Training for the Minotaur

This will be my 4th year running Meet the Minotaur. Each year has been on a different course, and every year I’ve loved it. Without fail, the courses have featured steep climbs, epic views, and technical descents.

Meet the Minotaur – 1st edition

Meet the Minotaur – 2nd edition

Meet the Minotaur – 3rd edition

This year, Meet the Minotaur is moving to a permanent course.

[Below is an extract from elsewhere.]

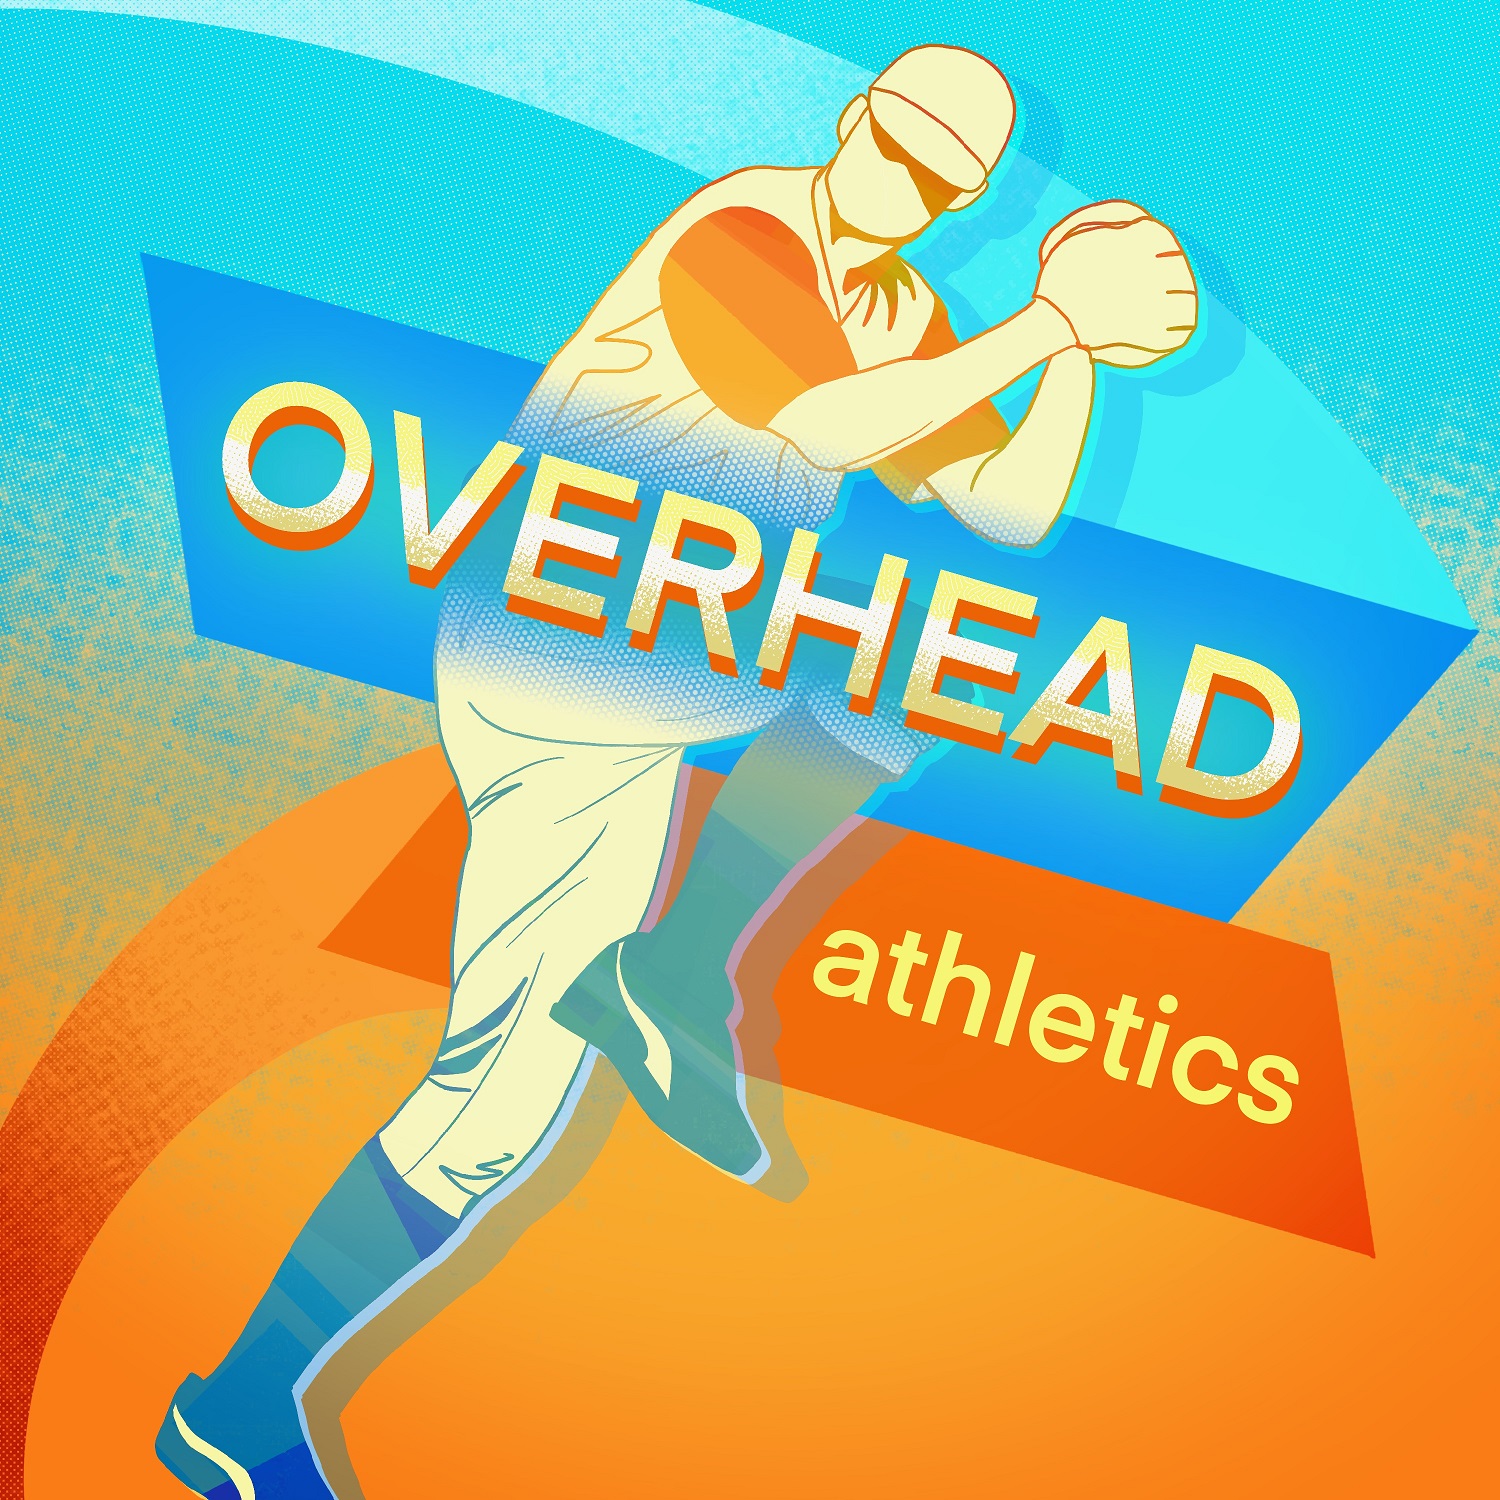 In the Name of Overhead Athletics
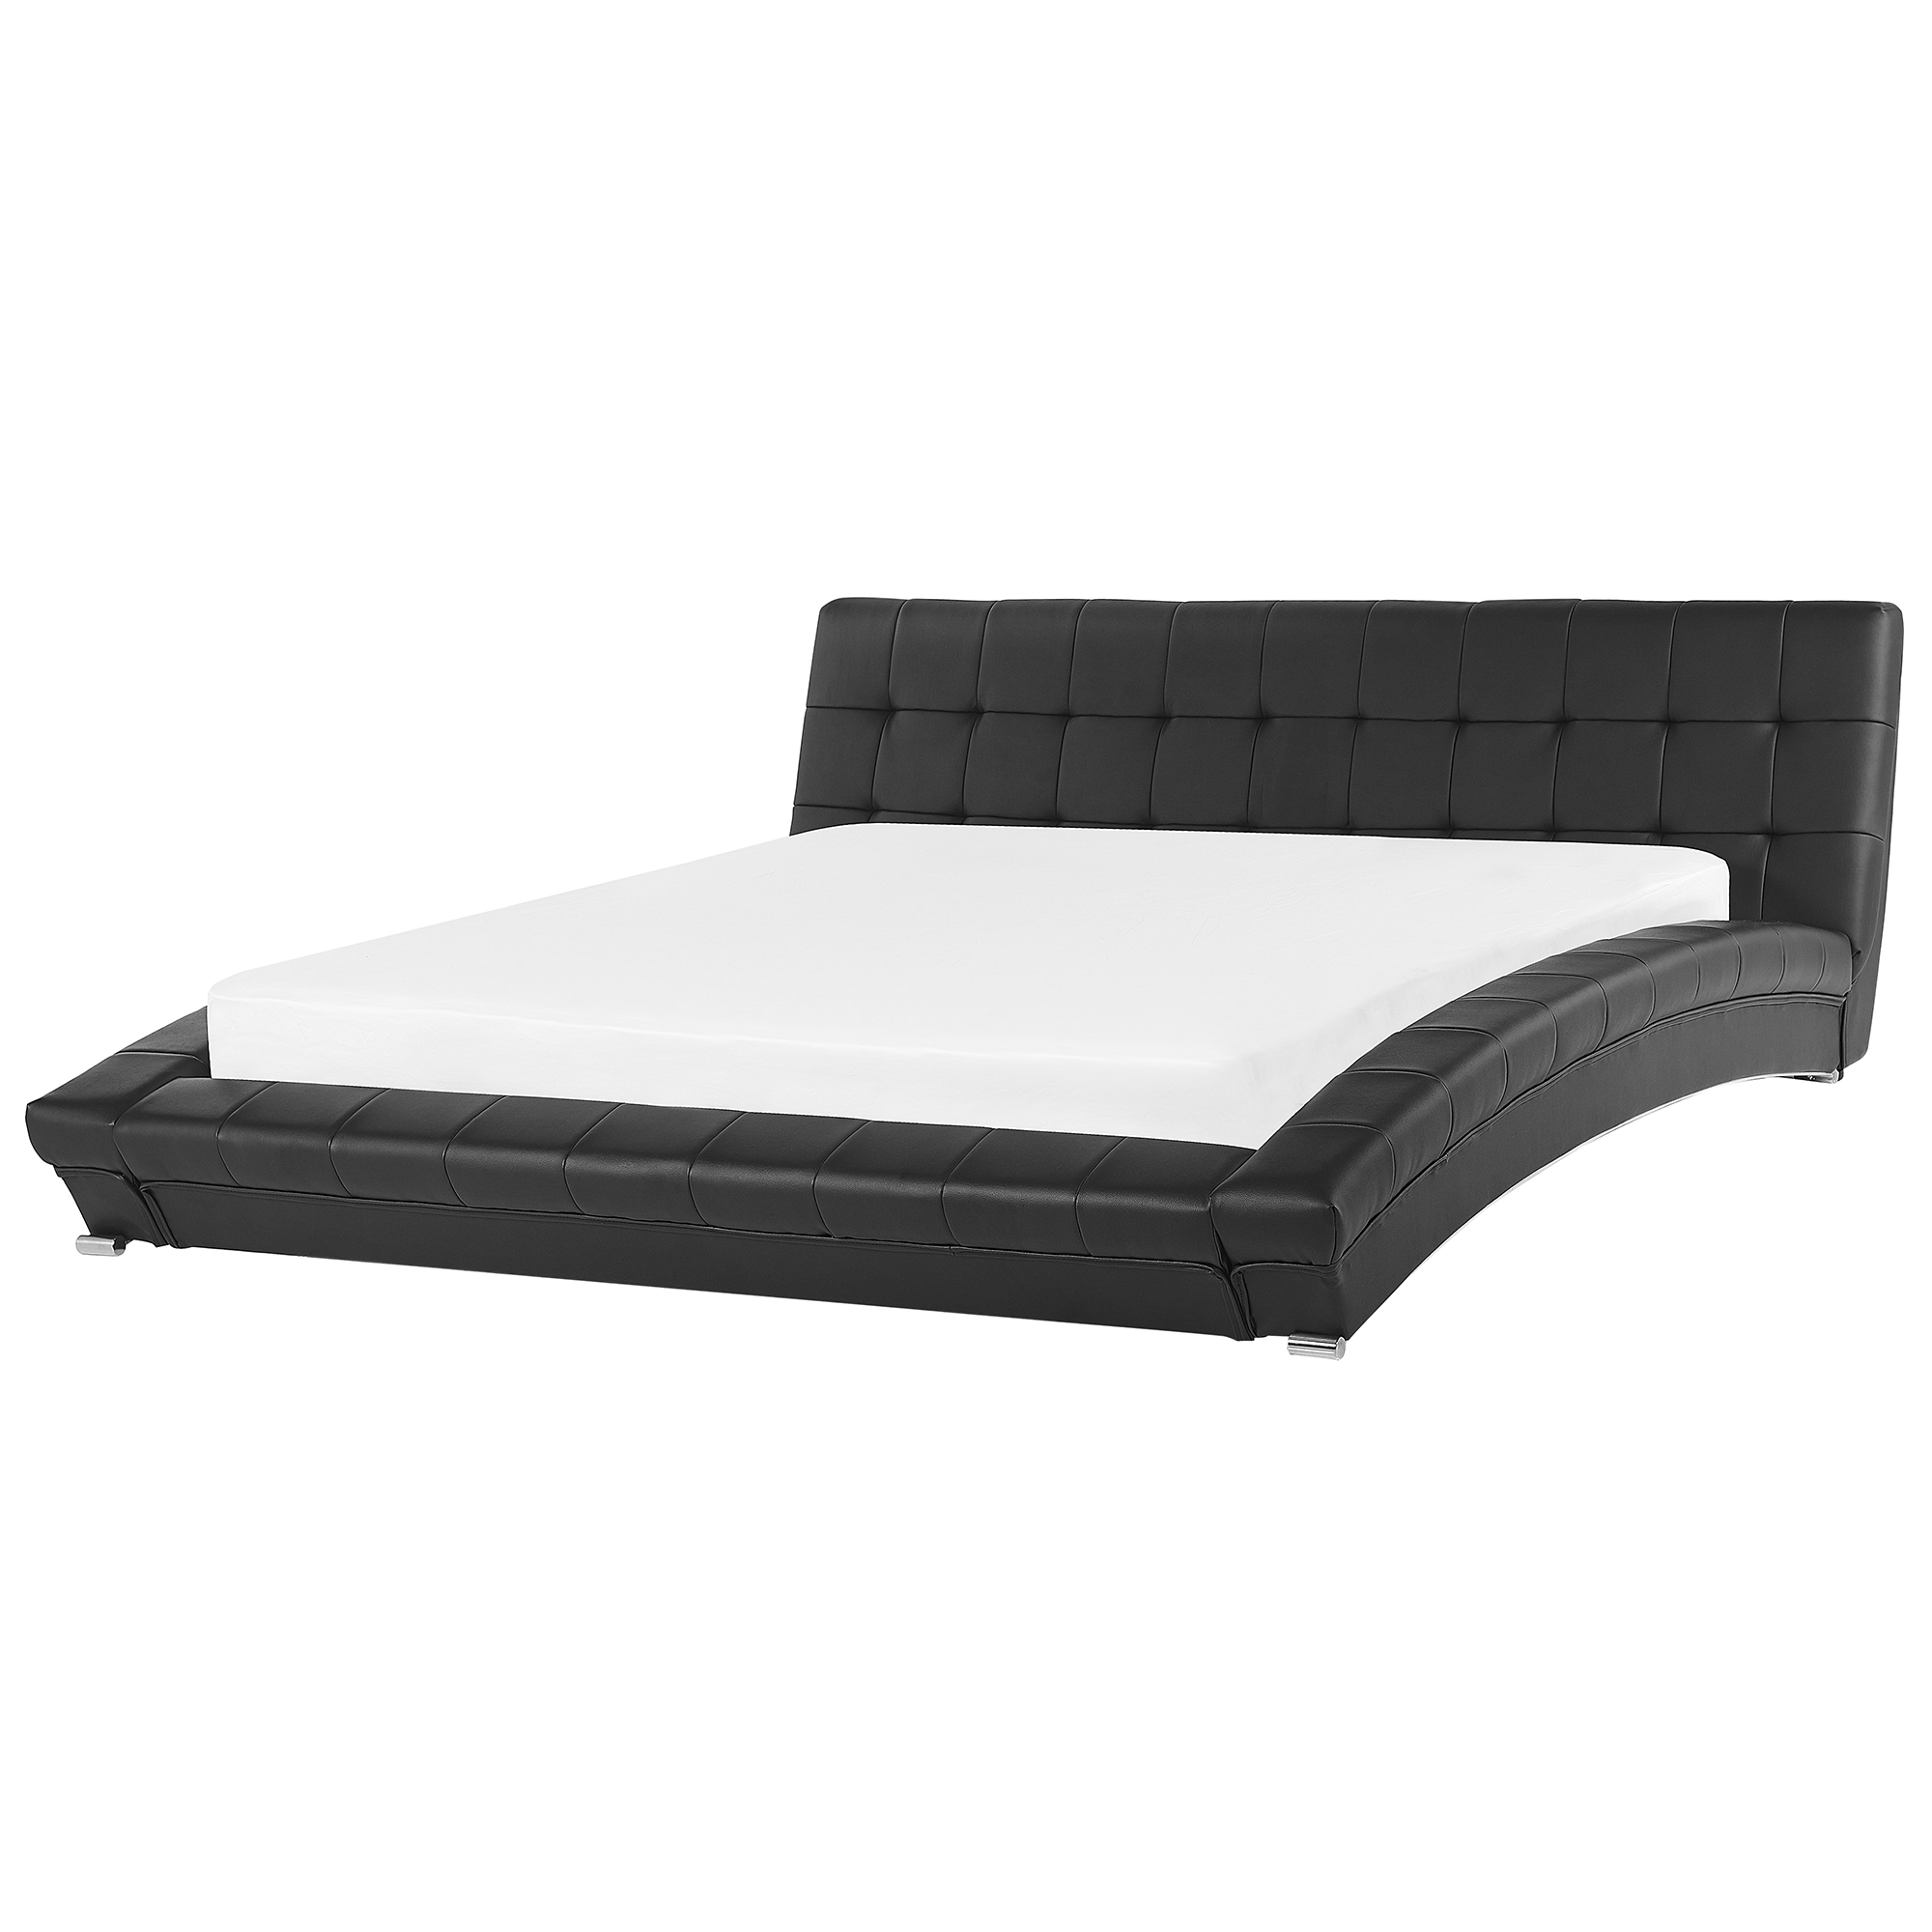 Beliani Platform Waterbed Black Genuine Leather Upholstered with Mattress and Accessories 6ft EU Super King Size Button Tufted Headboard

I’ve had the pleasure of exploring portions of the course over the last few years, and last year a group of us completed the entire route as a “fun” run. This latest version of Minotaur is much like the earlier editions except about 50% longer. Here are a few photos from the course

If it isn’t obvious from the photos, I want to stress that this is not a “running race”. The course covers steep, rocky and remote terrain. Your ankles and knees must be very strong and stable. Most of the descents are not on nice scree that you can ski, rather the descents are on ankle busting rubble that requires more control.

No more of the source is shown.